= Beginning of Section =
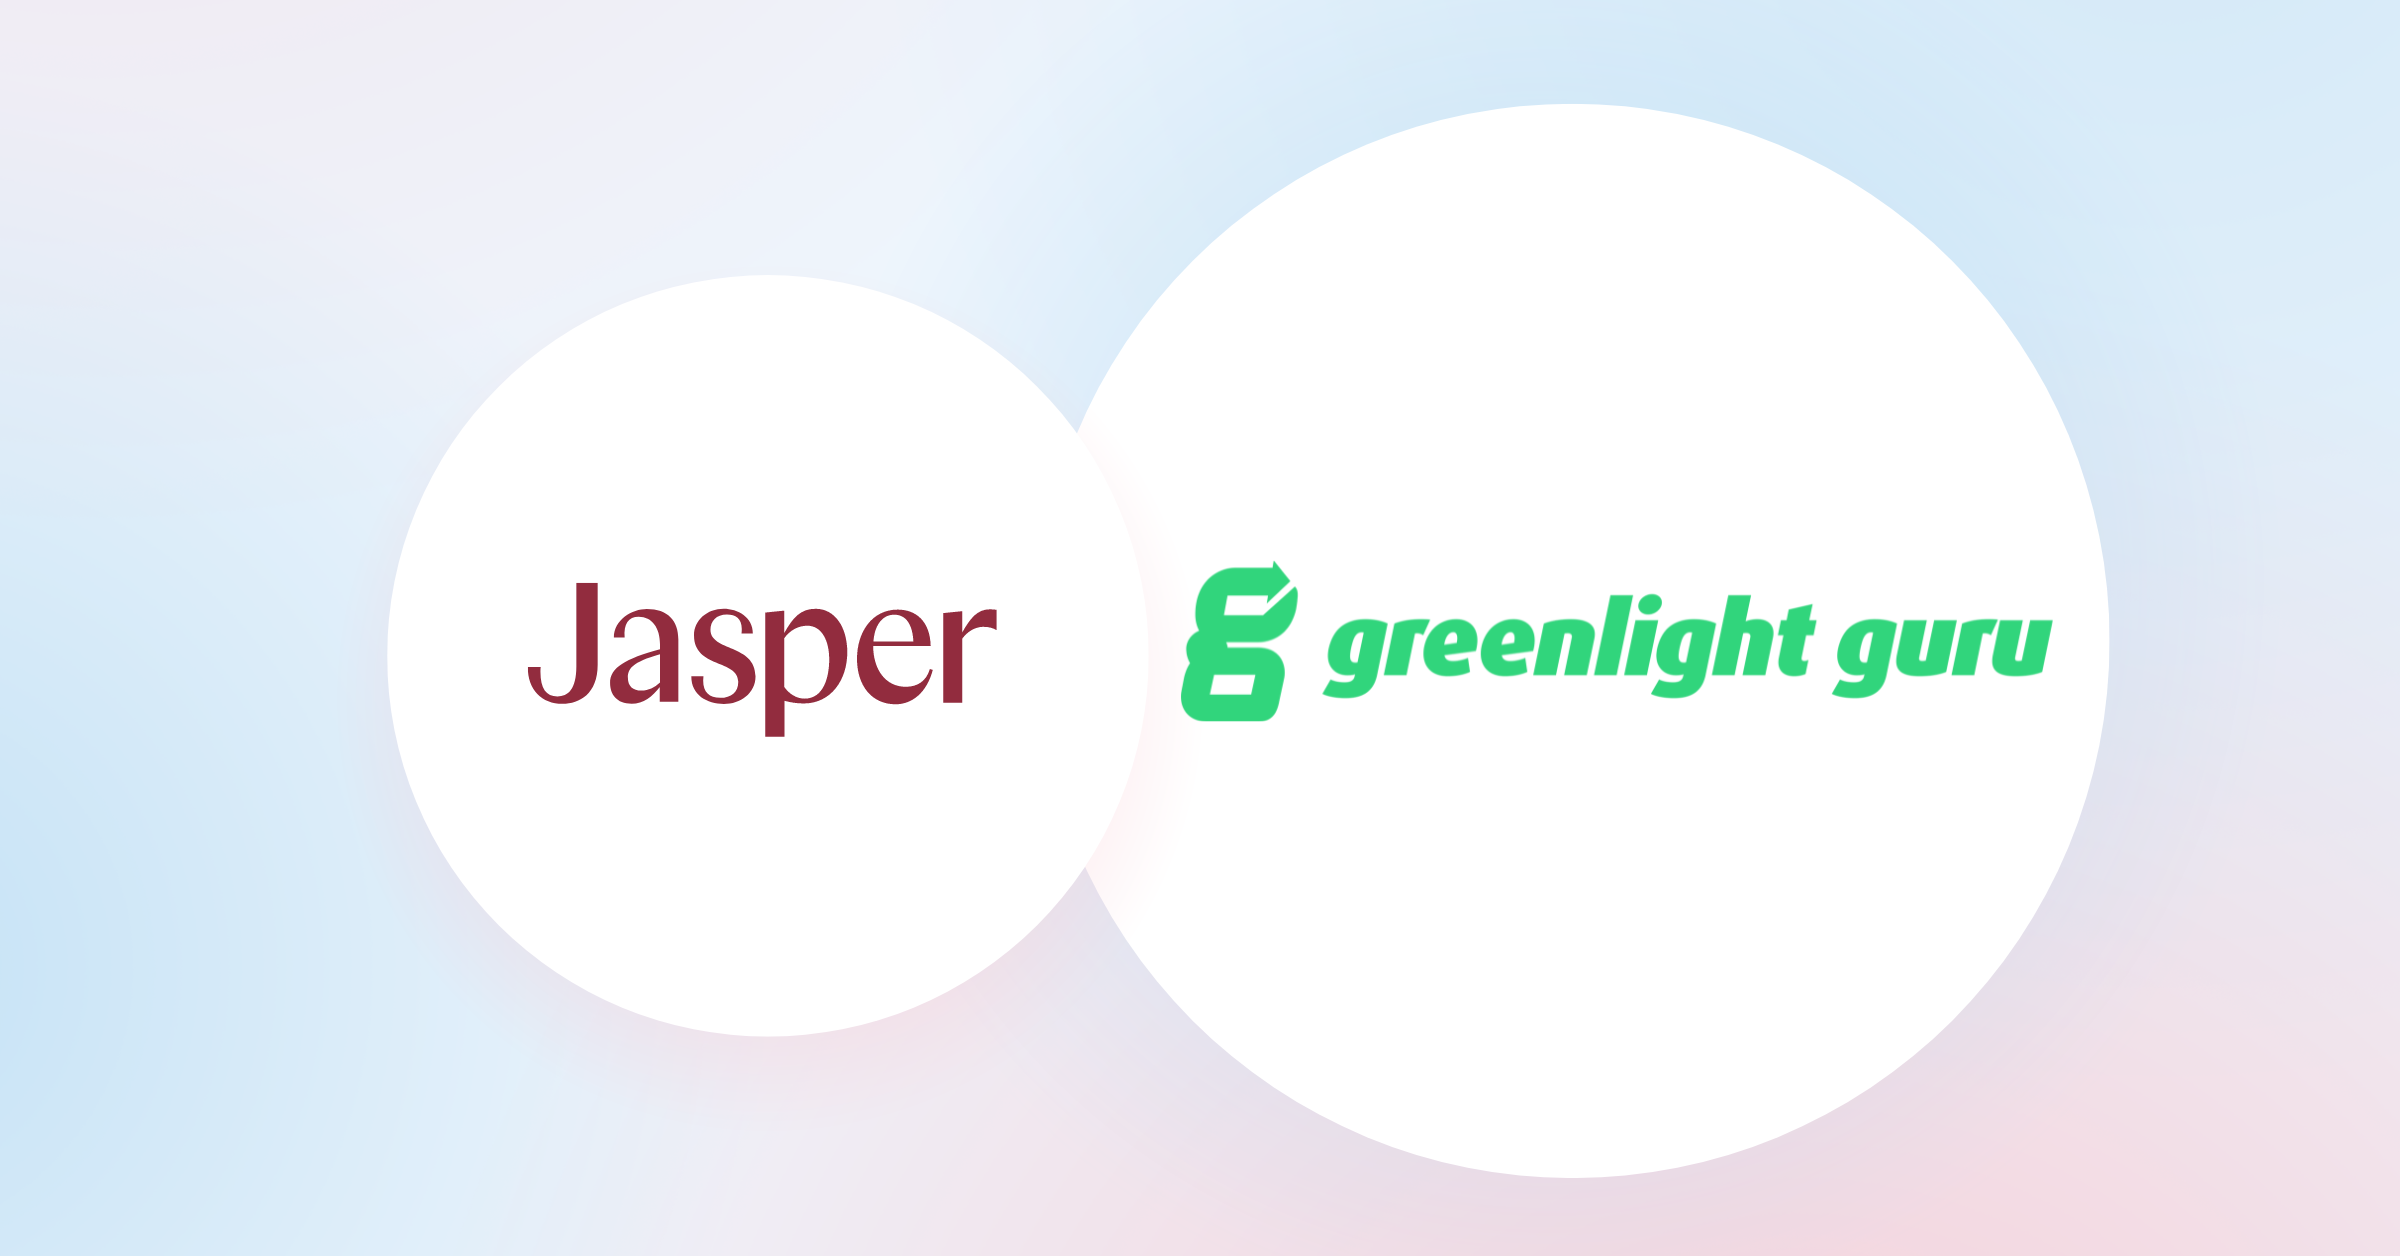 Jasper and green light guru logos in two circles next.
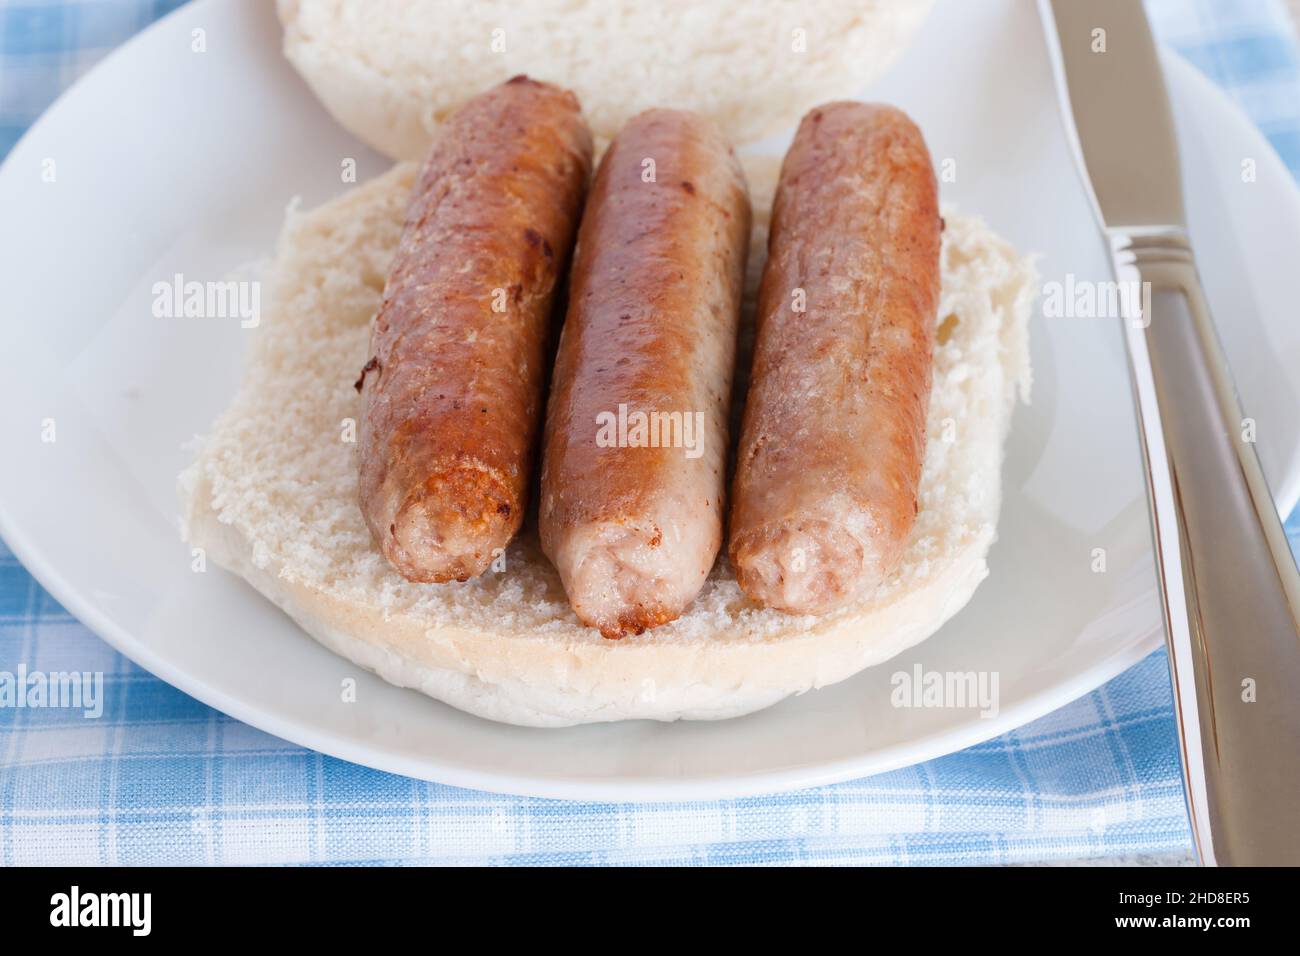 Sausage sandwich or sausage bap a popular British breakfast snack Stock Photo
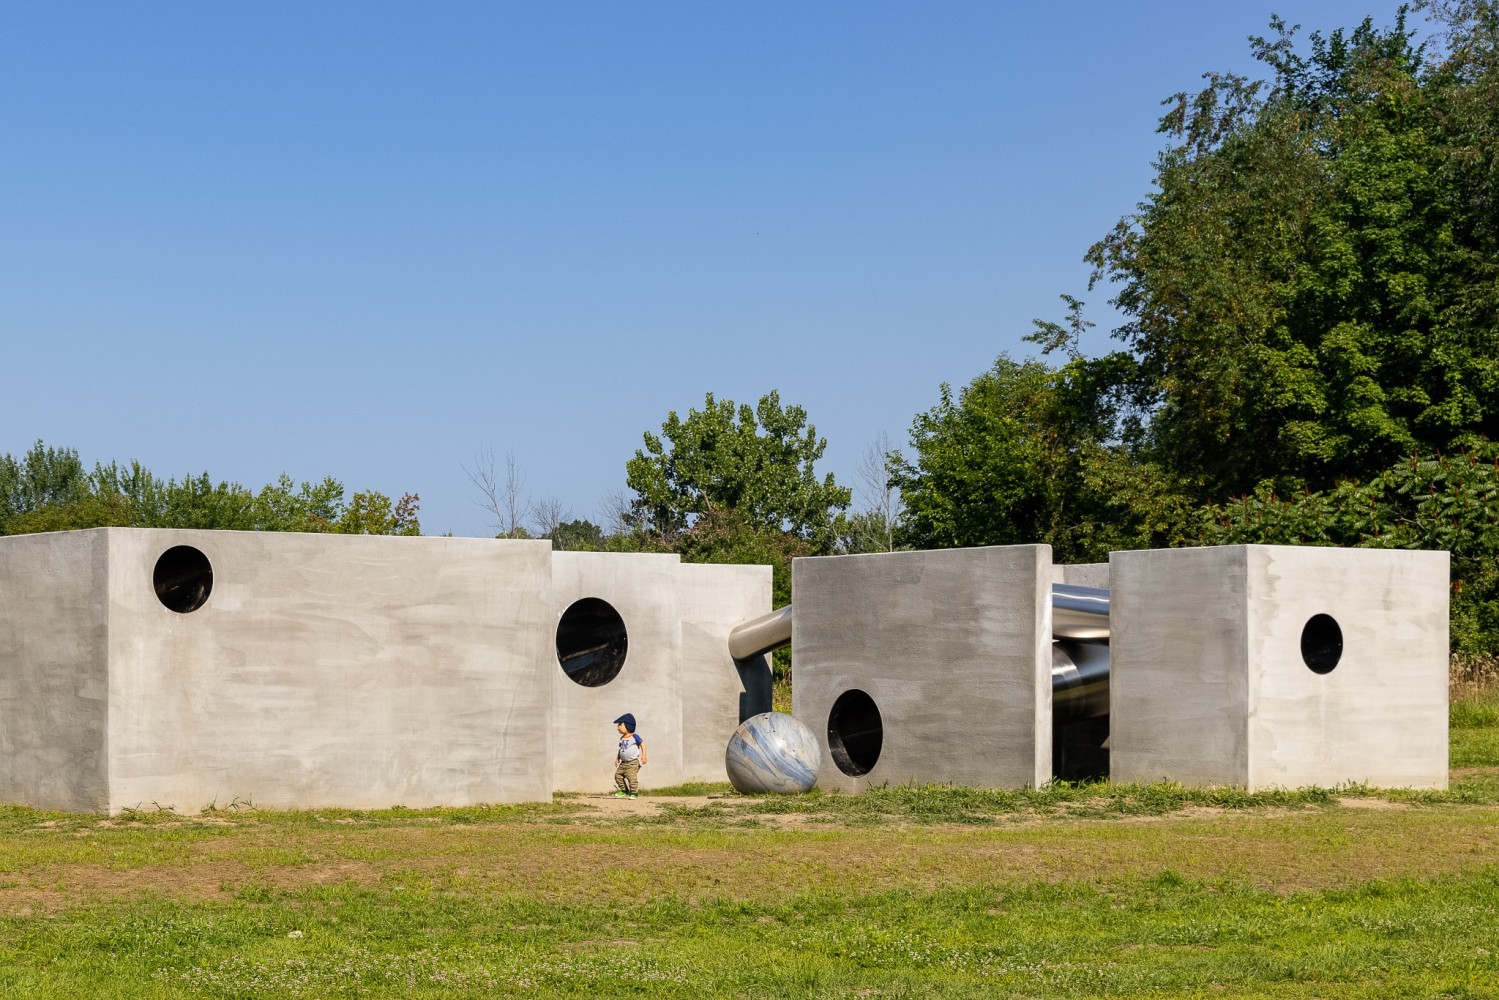 Alicja Kwade,&amp;nbsp;
TunnelTeller, 2018

Stainless steel, concrete, natural stone (Macaubas azul)
Installation view: Art Omi, Ghent, NY, 2021
Photo: Alon Koppel

&amp;nbsp;
= End of Section =
Requirement:
Take the line holding "TunnelTeller, 2018" and the lines after it through the end of the entries. Retype them exactly and add nothing.

Response:
TunnelTeller, 2018

Stainless steel, concrete, natural stone (Macaubas azul)
Installation view: Art Omi, Ghent, NY, 2021
Photo: Alon Koppel

&amp;nbsp;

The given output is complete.